It is possible that the major title of the record Chromosome 22q11.2 Deletion Disorder is not the name you anticipated. Please examine the basic synonyms detailing to find the alternative name(s) and problem class(s) covered by this report.
- DiGeorge disorder
- velocardiofacial disorder
- Shprintzen syndrome
- conotruncal abnormality face disorder
- Caylor cardiofacial disorder
- autosomal dominant Opitz G/BBB syndrome
Chromosome 22q11.2 deletion disorder is connected with a variety of issues consisting of: hereditary heart disease, palate problems, immune system dysfunction including autoimmune illness, low calcium (hypocalcemia) as well as other endocrine irregularities such as thyroid problems as well as growth bodily hormone shortage, intestinal issues, feeding problems, kidney irregularities, hearing loss, seizures, skeletal problems, minor facial distinctions, as well as understanding as well as behavior distinctions. The symptoms of this condition are very variable, even among participants of the very same household.

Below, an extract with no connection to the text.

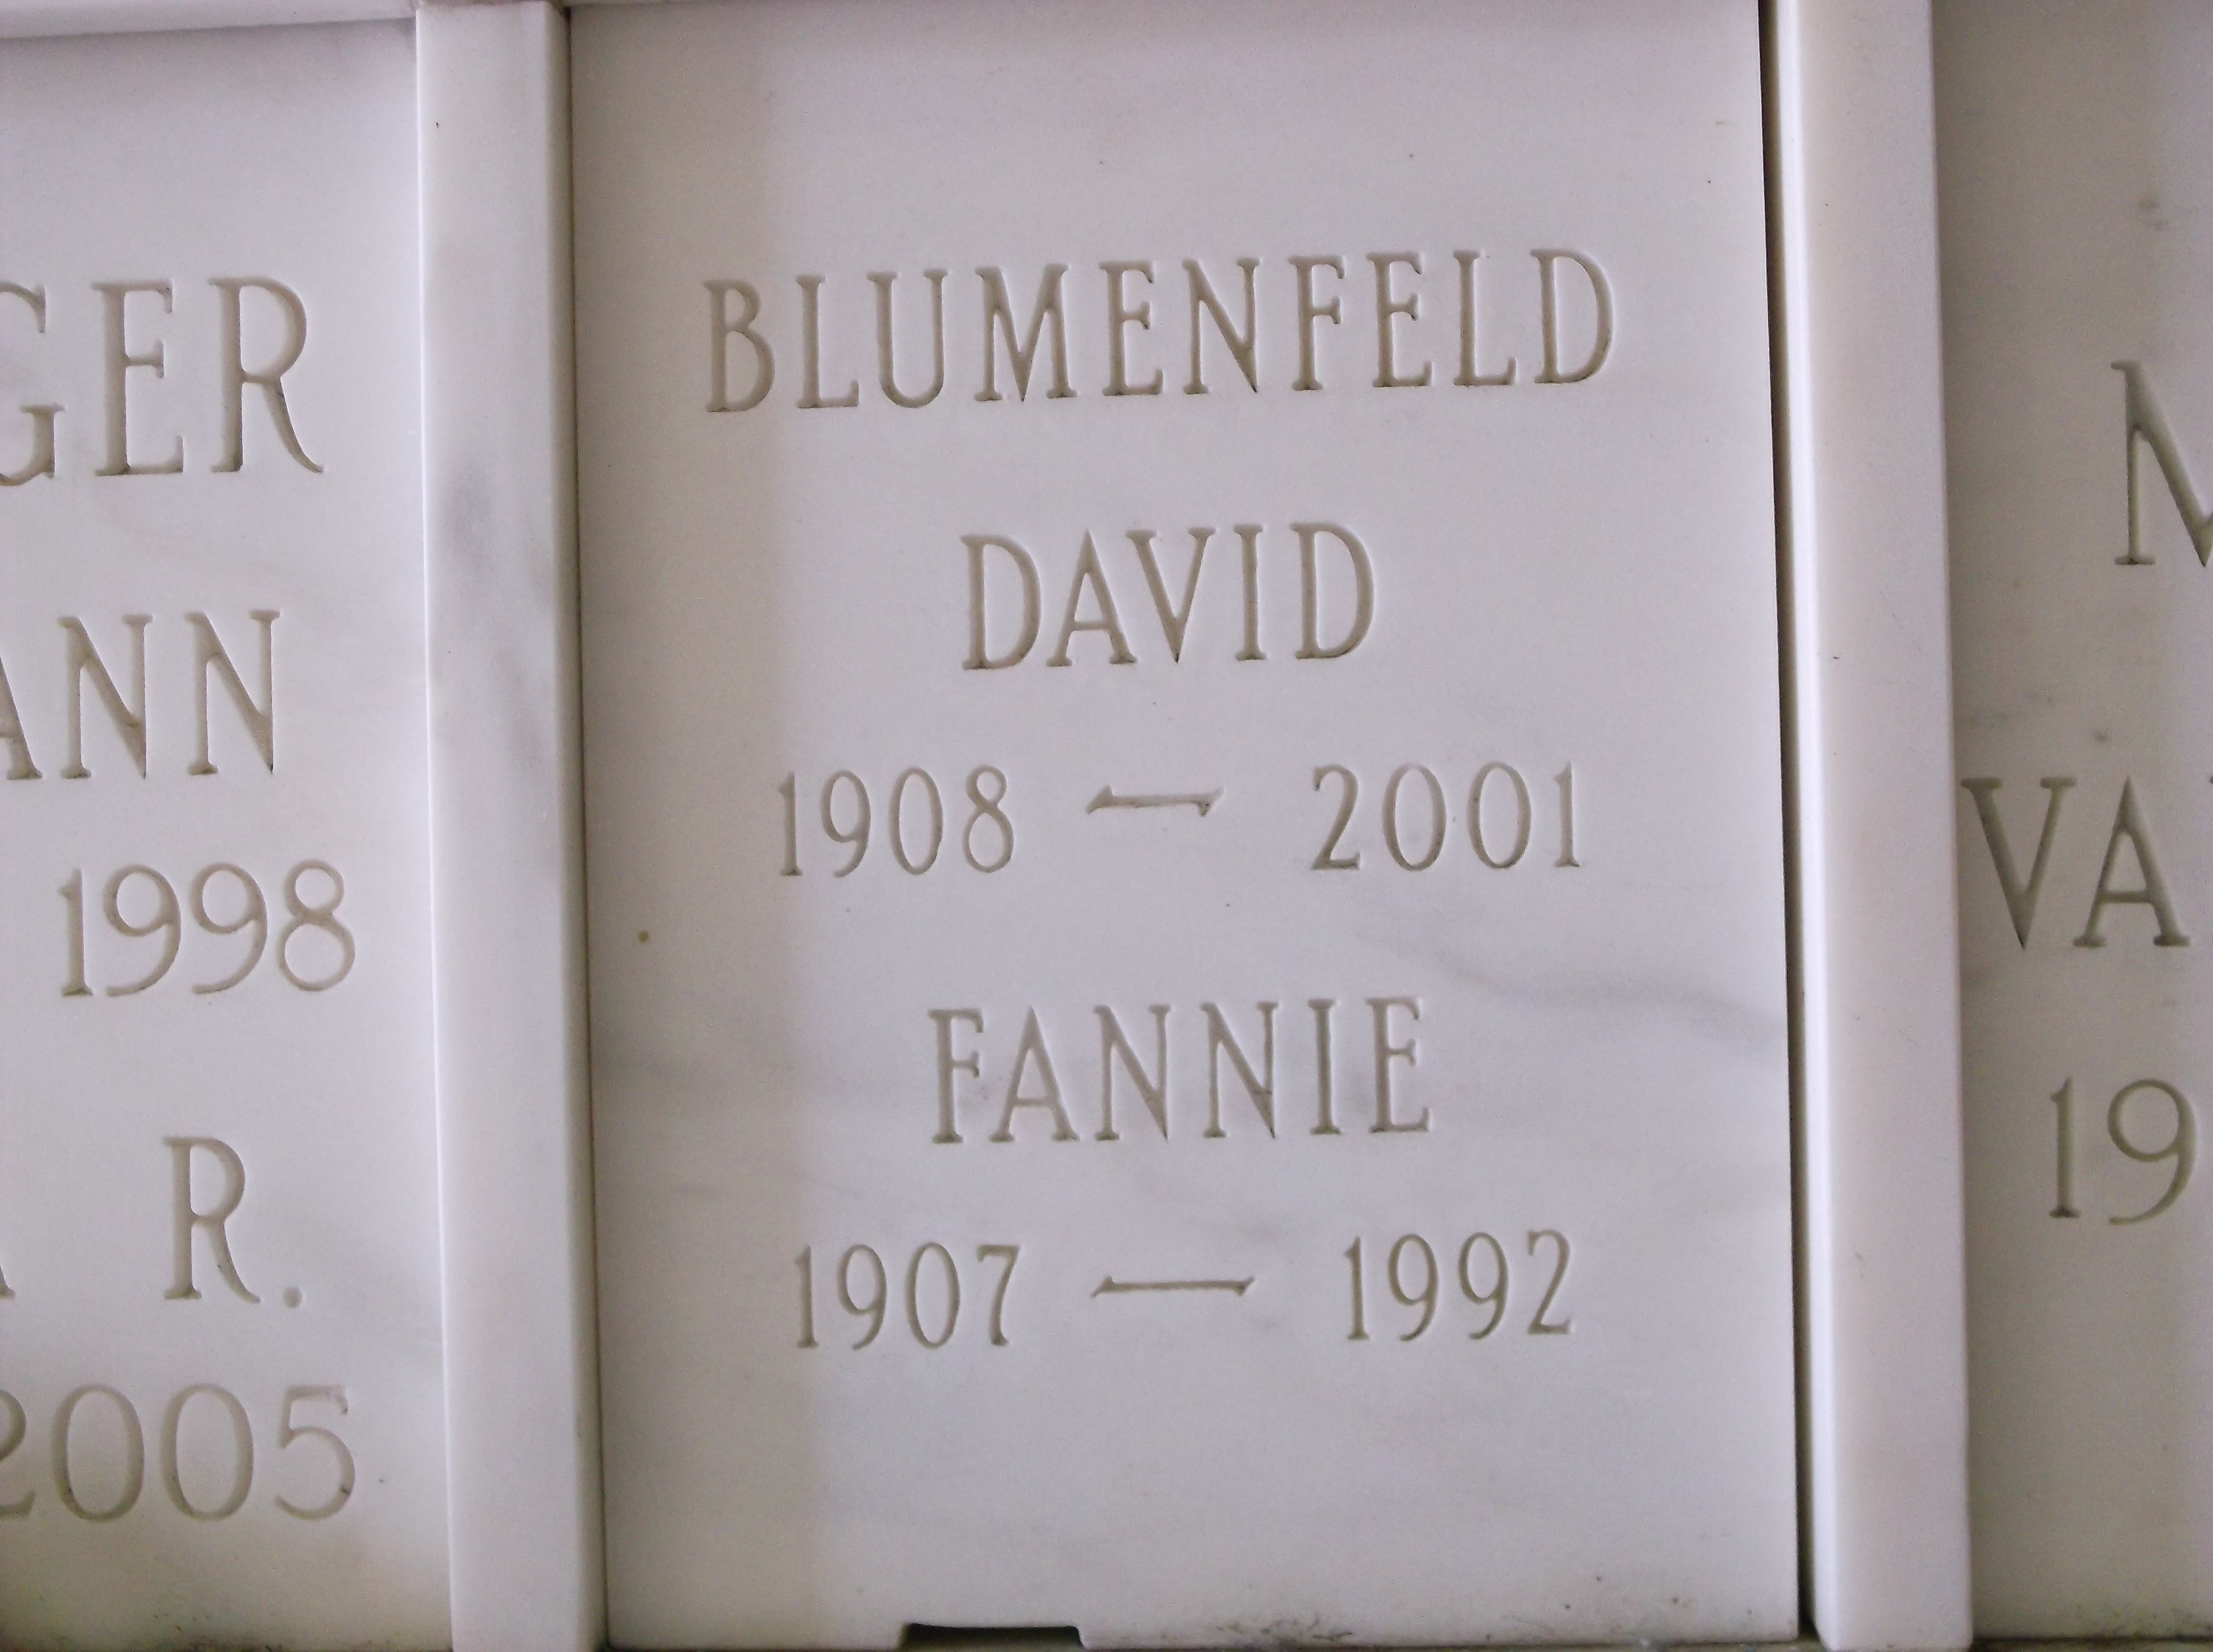 David Blumenfeld

Chromosome 22q11.2 deletion disorder is a disorder dued to a little piece of chromosome 22 missing. A variety of separately explained diagnoses consisting of DiGeorge syndrome (DGS), velocardiofacial disorder (VCFS), conotruncal abnormality face disorder (CTAF), autosomal leading OpitzG/BBB syndrome and Cayler Cardiofacial disorder were all originally thought to be separate disorders prior to the chromosome 22q11. 2 deletion was determined in people affected with all of these conditions.